An image featuring an ASML logo alongside the flags of the United States and China was taken in Brussels, Belgium, on January 4, 2024, as ASML provided insight into the potential impact of U.S. export restrictions on its advanced chip manufacturing equipment to China.
The Dutch chip equipment manufacturer disclosed in its earnings report, which was released a day early due to a technical issue, that it anticipates net sales for 2025 will be between 30 billion euros and 35 billion euros ($32.7 billion to $38.1 billion). This forecast reflects the lower end of the company’s previous guidance.
ASML plays a crucial role in the global chip supply chain, with its extreme ultraviolet lithography machines utilized by major chipmakers, including Nvidia and Taiwan Semiconductor Manufacturing, to manufacture sophisticated chips.
In the third quarter, ASML reported net sales of 7.5 billion euros, exceeding expectations, but net bookings of 2.6 billion euros ($2.83 billion) fell short of the consensus estimate of 5.6 billion euros.
Following this news, ASML’s stock price dropped by as much as 16%, resulting in a loss of over $50 billion in market capitalization in just one day.
The disappointing bookings have been attributed to weaknesses among certain customers, including Intel and Samsung. Additionally, ASML indicated that geopolitical tensions are influencing its outlook for 2025.
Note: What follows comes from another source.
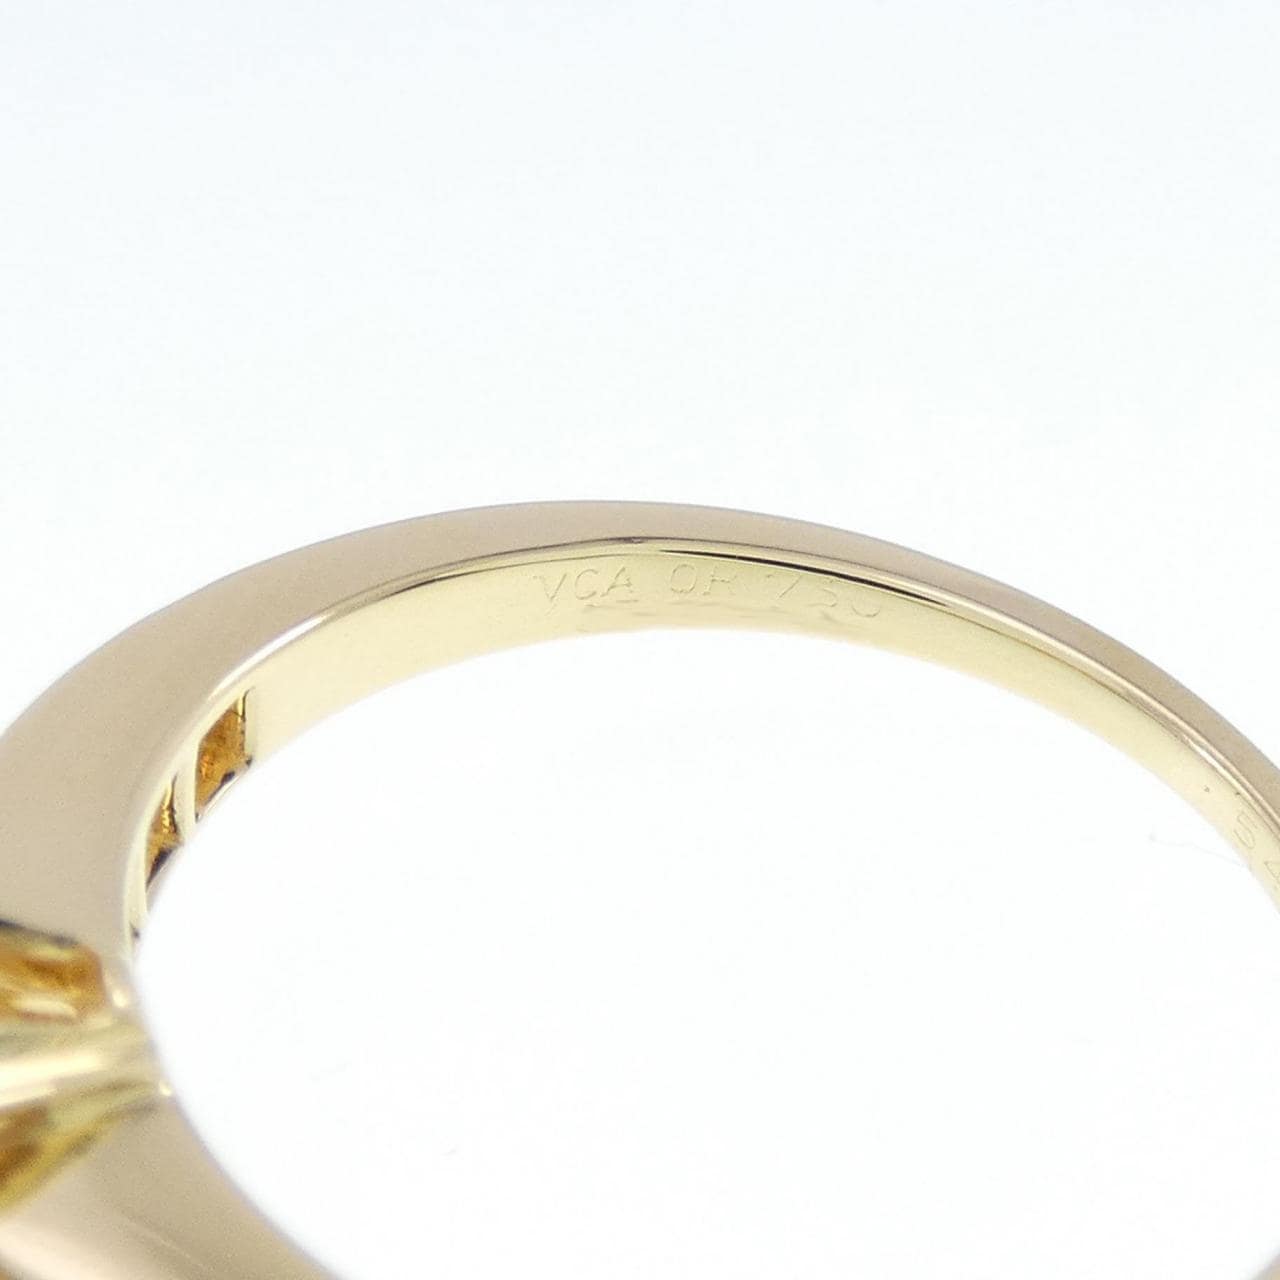 Van Cleef & Arpels Fleurette Small Ring

Roger Dassen, ASML’s chief financial officer, addressed analysts, noting expectations of a decline in sales to China next year due to U.S. export limitations. He stated, “We all read newspapers, right? We all see that there is speculation around export control… That is a driver for us to take a more cautious view on the China sales.”
UBS analysts indicated that ASML’s revised 2025 projections were primarily due to delays in the development of new logic fabrication facilities by Intel and Samsung, suggesting that sales to China could decrease by 25% to 30% in 2025.